4. Optimize for User-Generated Content (UGC) and Forums
With Reddit and Quora experiencing a massive surge in AI Overview citations, brands must actively monitor and participate in these communities. This does not mean spamming forums with promotional links, which leads to community bans. Instead, it requires:
- Engaging in genuine discussions.
- Answering technical user questions.
- Encouraging satisfied customers to share their real-world experiences on subreddits dedicated to the industry.

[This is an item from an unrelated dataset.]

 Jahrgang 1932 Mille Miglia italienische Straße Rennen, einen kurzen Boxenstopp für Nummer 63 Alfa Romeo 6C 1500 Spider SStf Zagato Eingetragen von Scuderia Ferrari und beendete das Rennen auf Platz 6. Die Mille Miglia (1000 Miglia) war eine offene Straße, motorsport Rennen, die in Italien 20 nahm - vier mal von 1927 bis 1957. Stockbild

5. Diversify Traffic Acquisition Channels
Relying solely on informational B2B search queries is increasingly risky. Brands must diversify their marketing mix by investing in:
- Direct-to-consumer brand building: Ensuring users search for the brand name directly, bypassing generic "best software" queries entirely.
- Email and community marketing: Building owned audiences that cannot be disrupted by algorithmic changes.

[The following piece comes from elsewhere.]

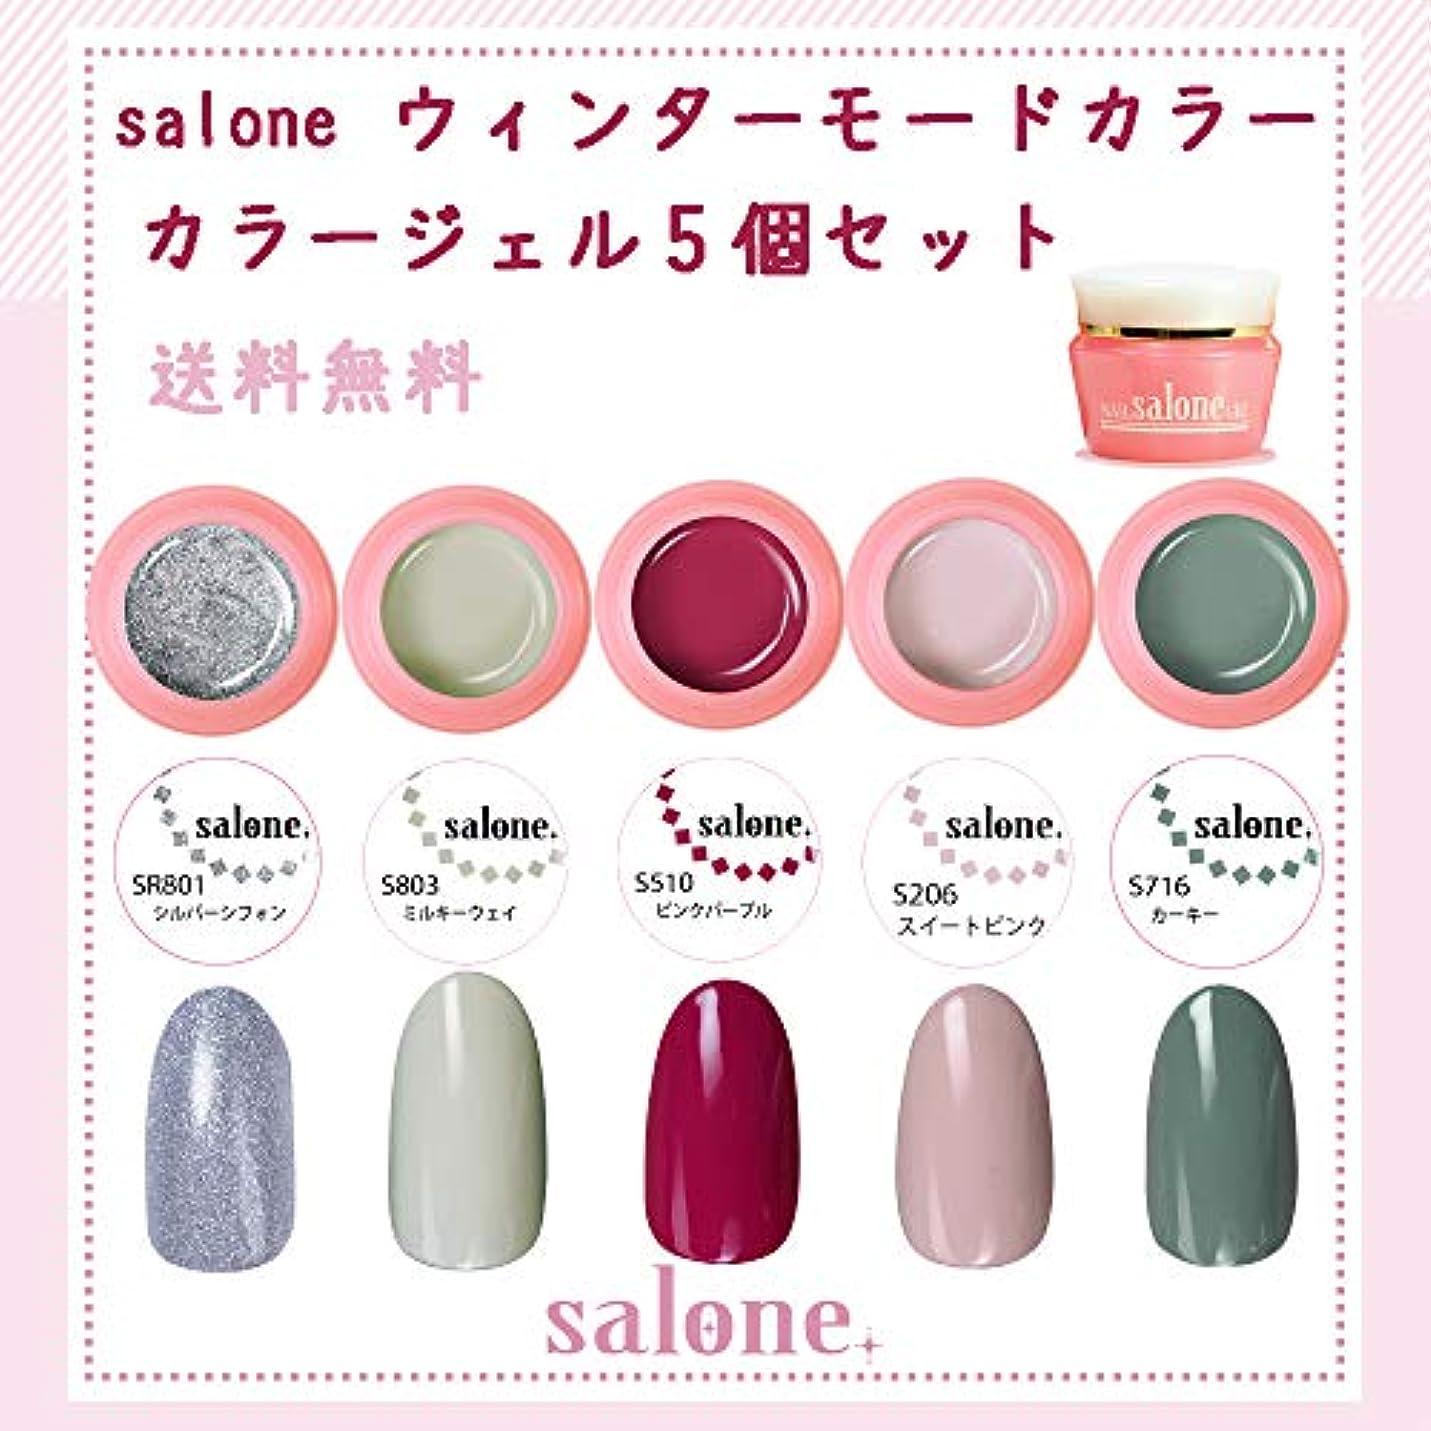 移民言及するコーナー【送料無料 日本製】Salone モード カラージェル5個セット ネイルのマストカラーオシャレなモードカラー

- Video and visual search: Optimizing for platforms like YouTube, which are increasingly integrated into search experiences but operate on different algorithmic parameters.
Conclusion
The data compiled by Lily Ray serves as a stark warning to the B2B SaaS sector: the search landscape has fundamentally changed. As Google AI Overviews continue to mature, the algorithmic systems that power them will only grow more sophisticated at identifying and filtering out self-promotional bias.
Brands that adapt by focusing on genuine authority, third-party validation, and objective content will emerge as the recommended leaders in the AI-driven search era. Those that cling to the outdated playbook of self-ranking listicles risk watching their own content serve as the stepping stone for their competitors’ success.